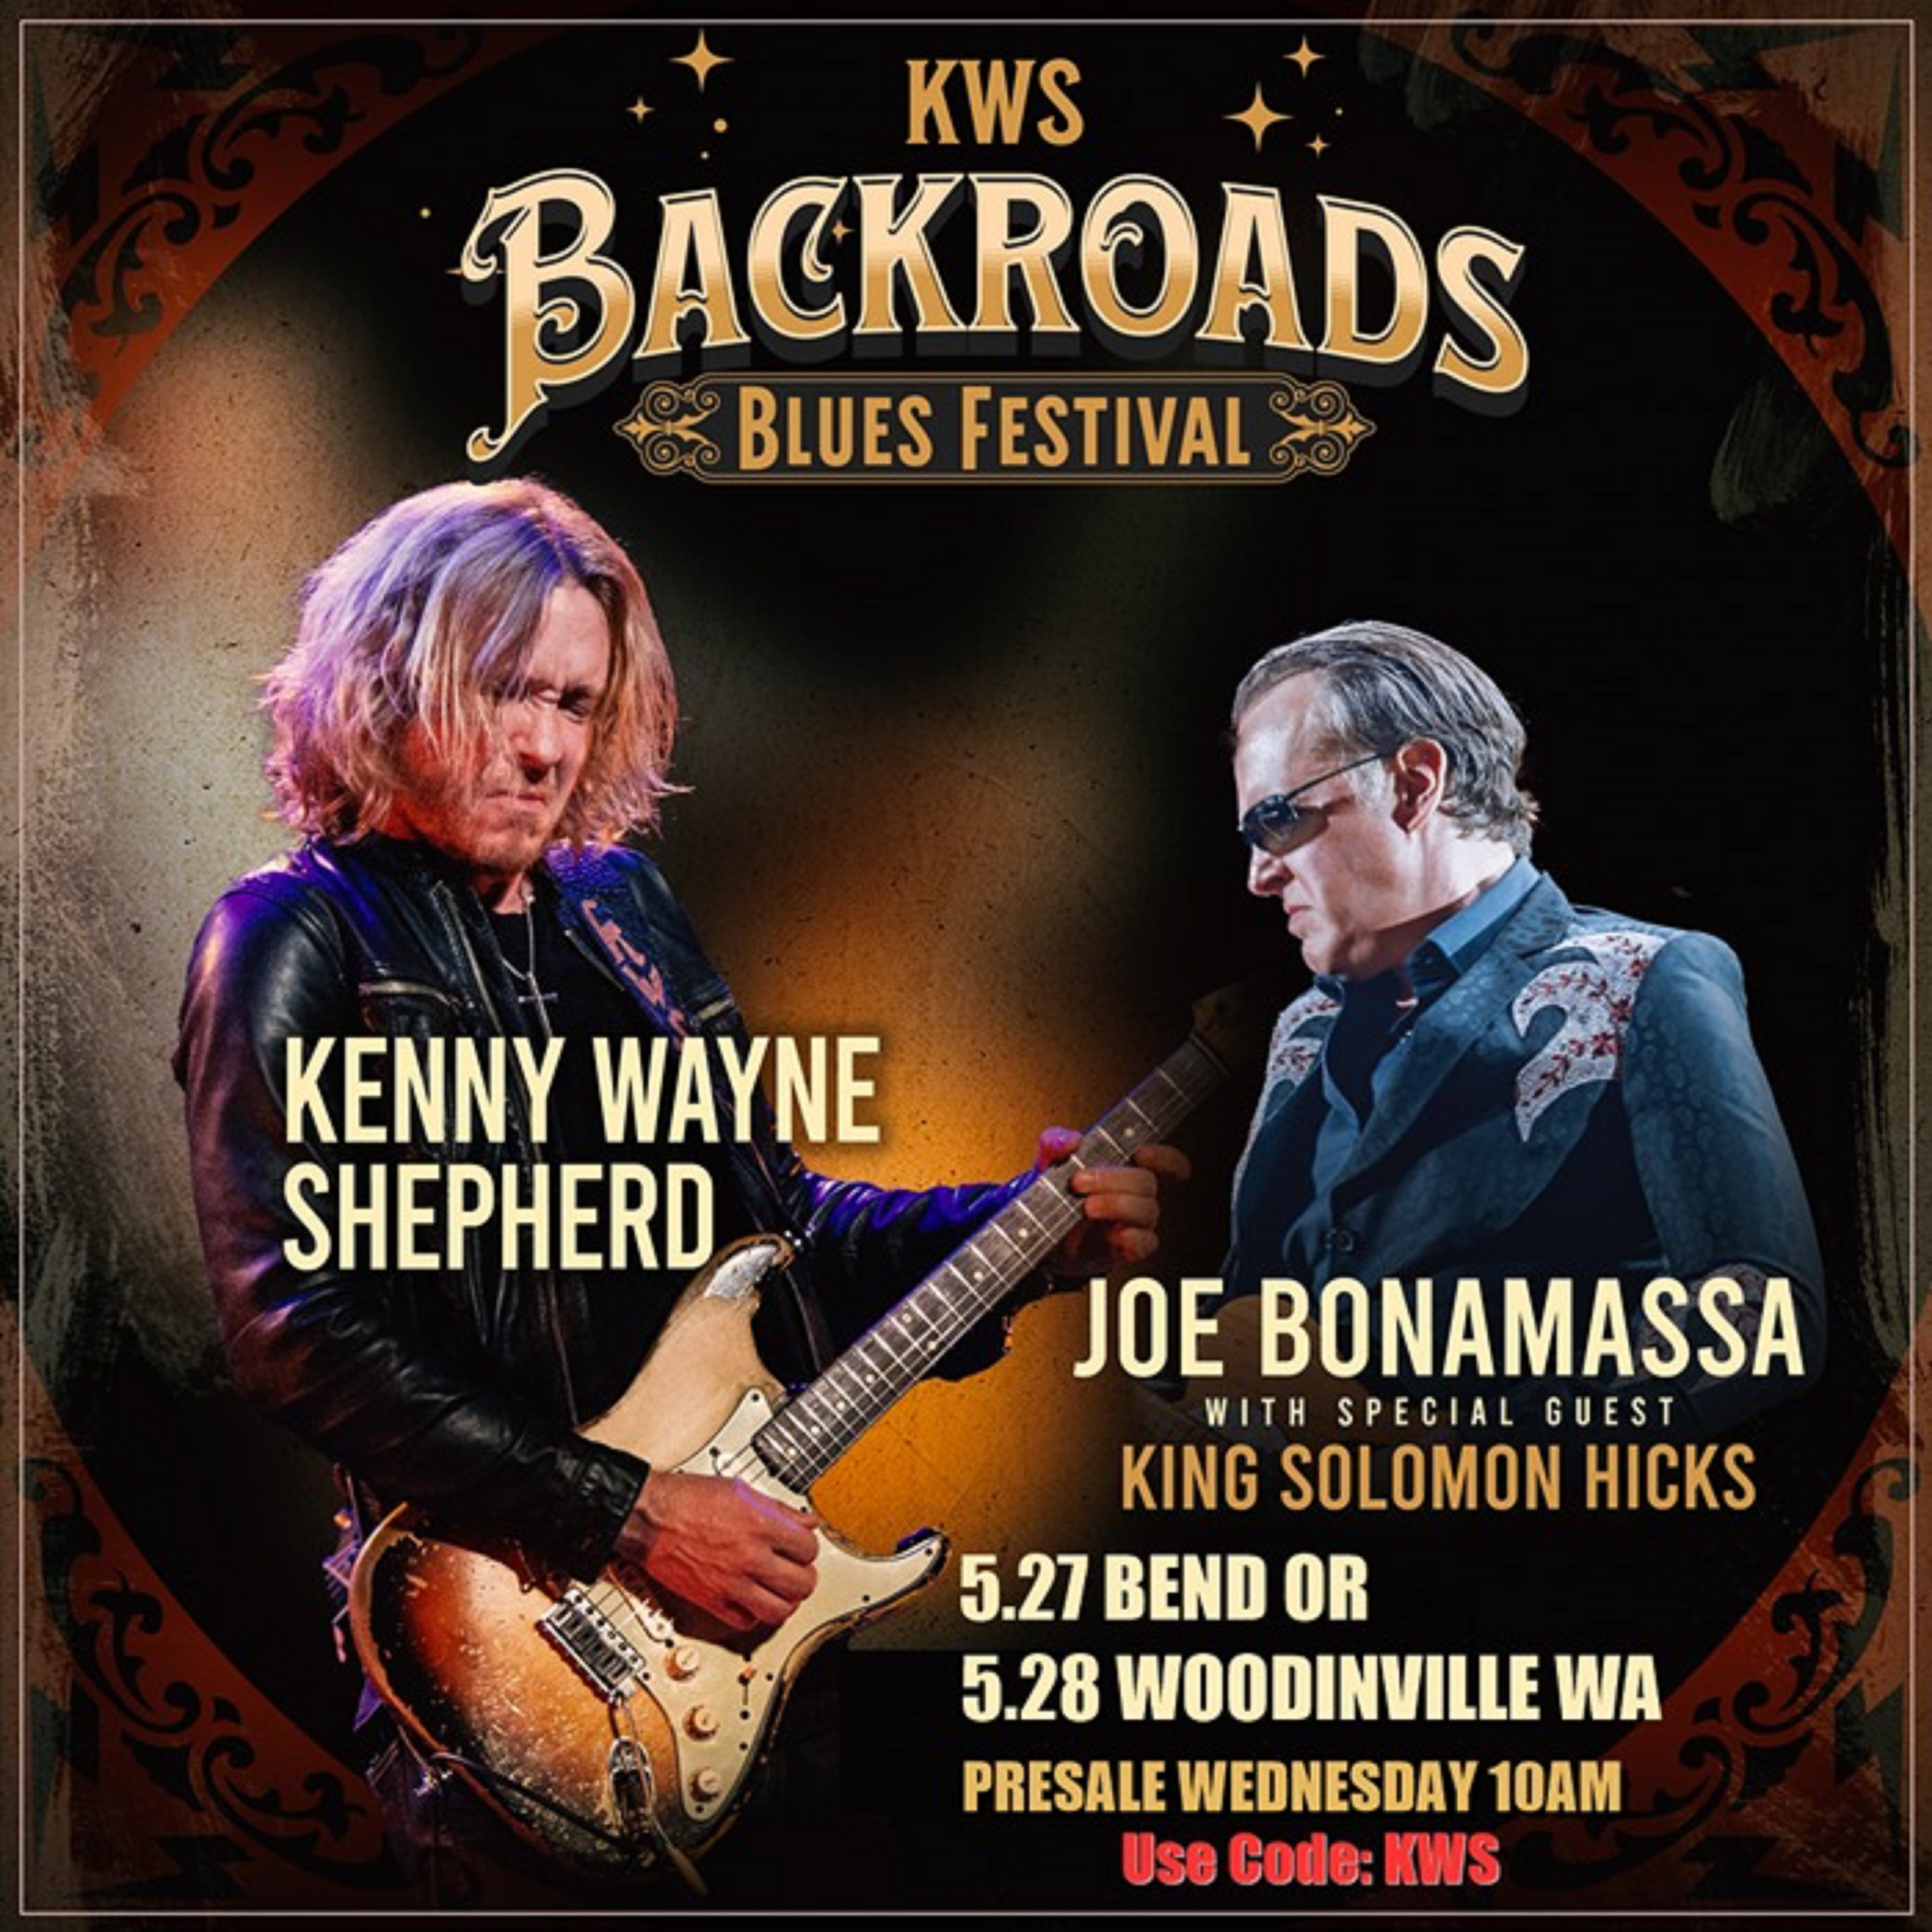 Kenny Wayne Shepherd, Joe Bonamassa On Second Annual "Backroads Blues Festival"
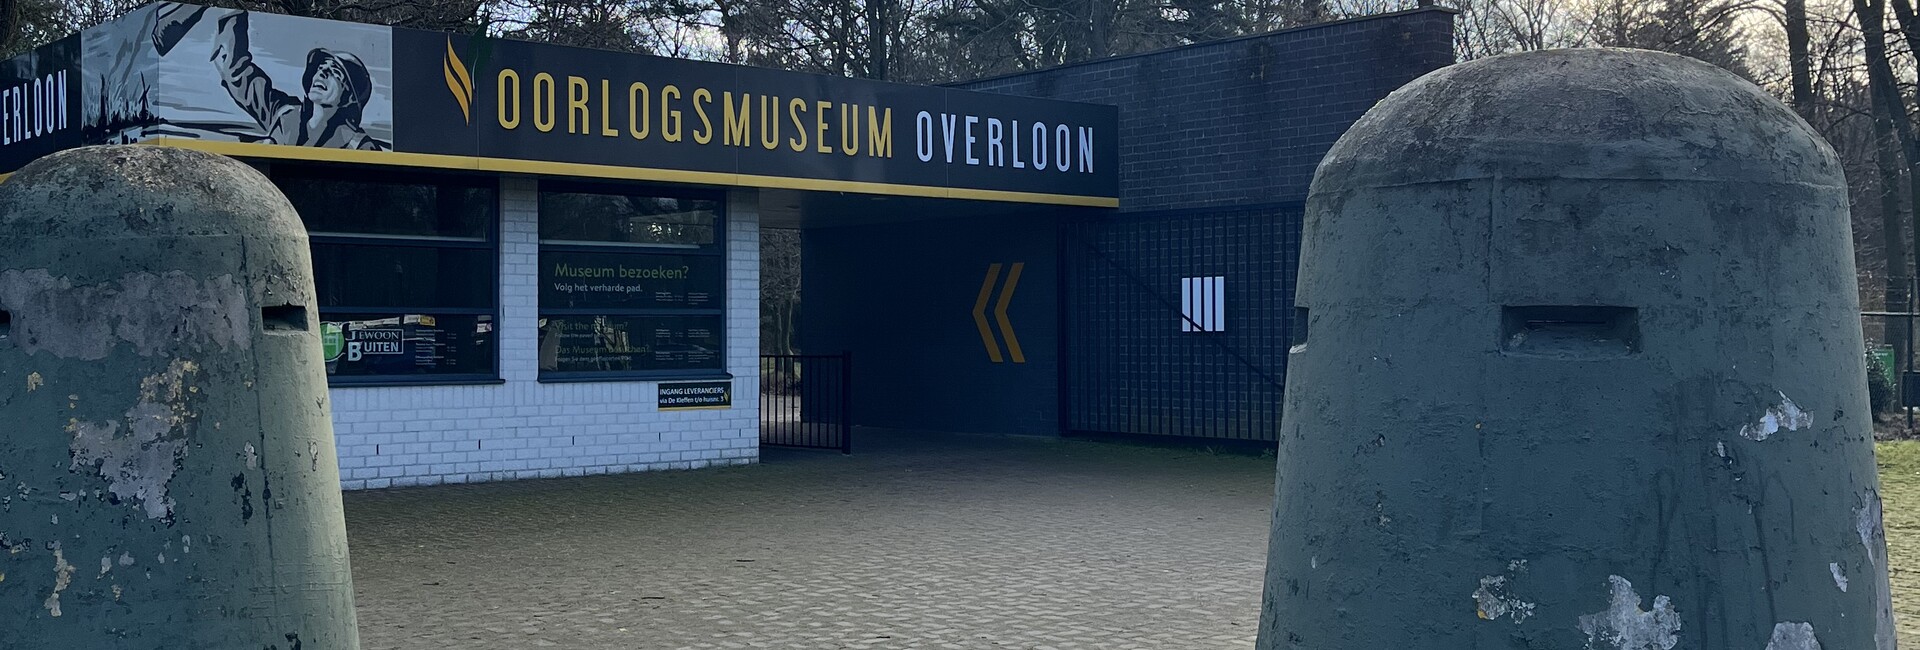 oorlogsmuseum - Openingstijden
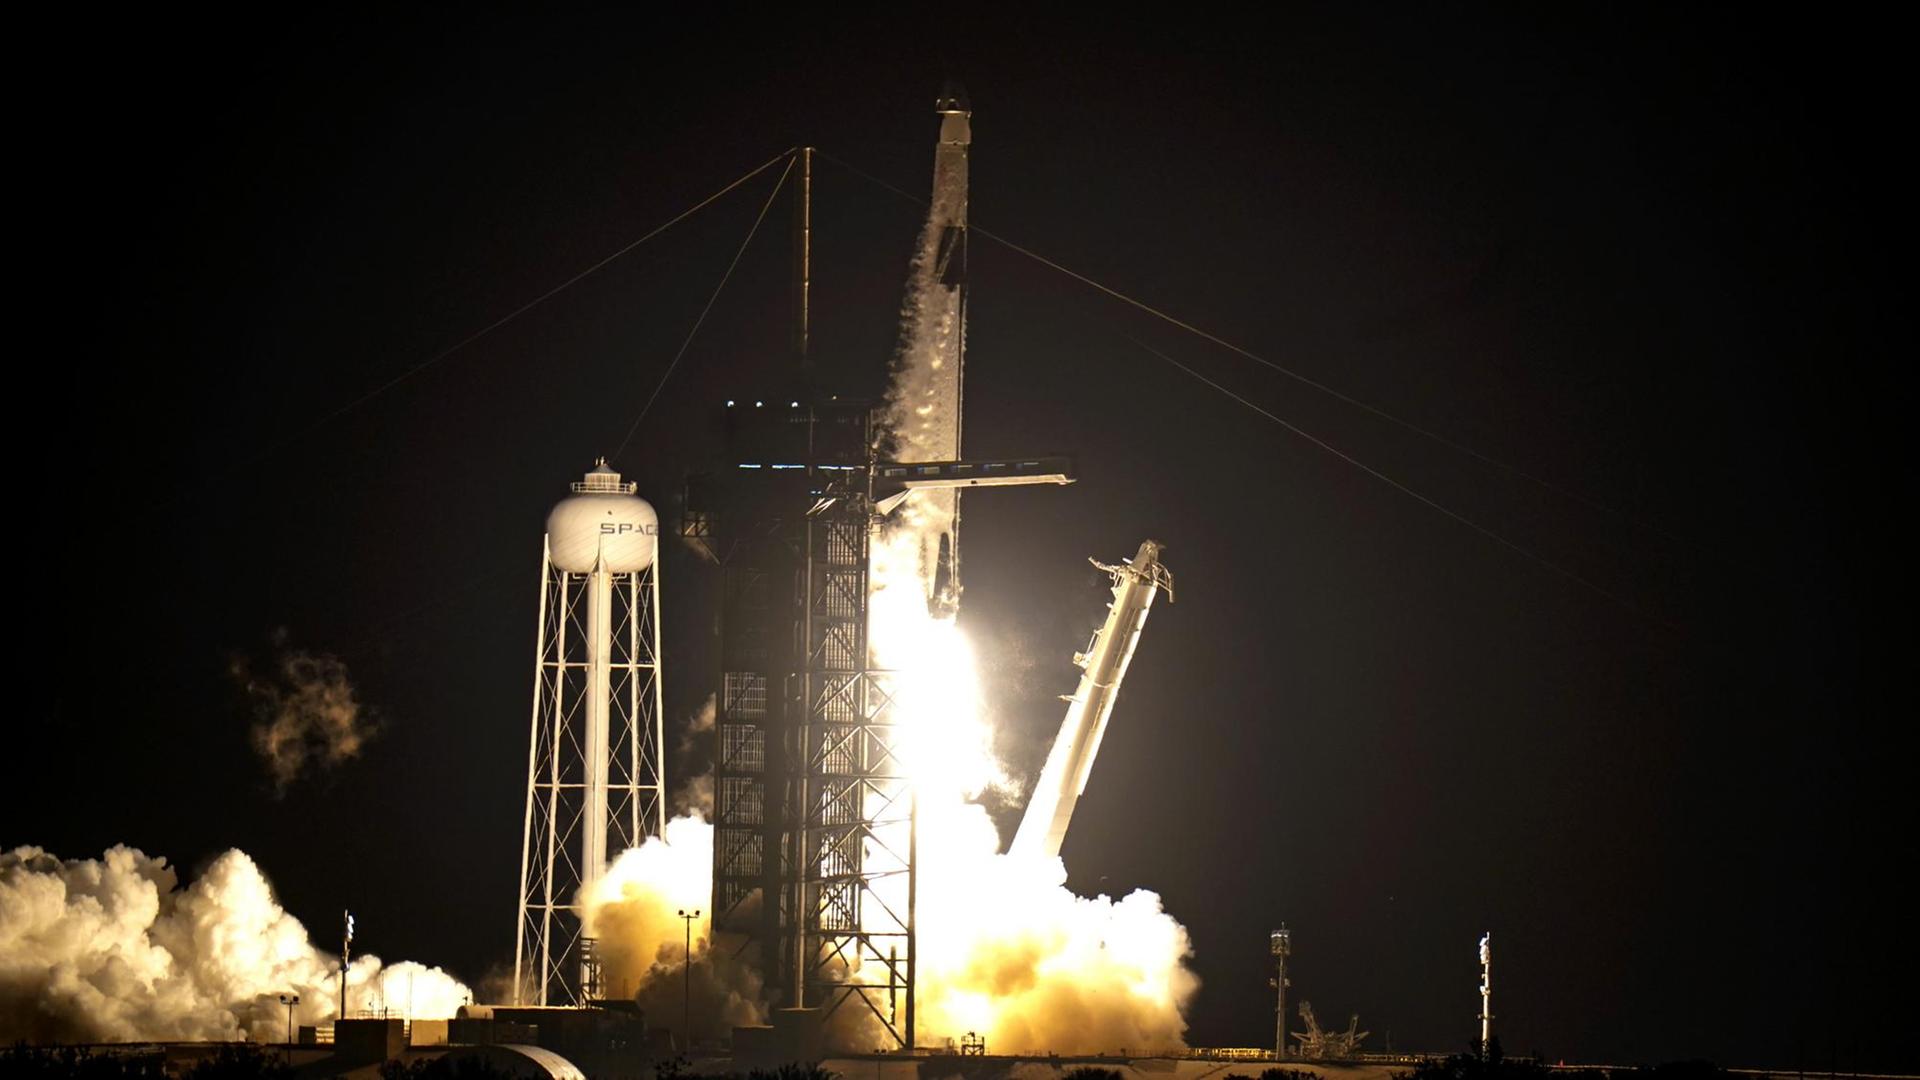 Die SpaceX-Rakete ist in der Nacht zur ISS gestartet.

--*--

_EXERCISE_:
Repeat the data exactly, without the pictures.

_WRITTEN REPLY_:
 Kenny Wayne Shepherd, Joe Bonamassa On Second Annual "Backroads Blues Festival"
 oorlogsmuseum - Openingstijden
 Die SpaceX-Rakete ist in der Nacht zur ISS gestartet.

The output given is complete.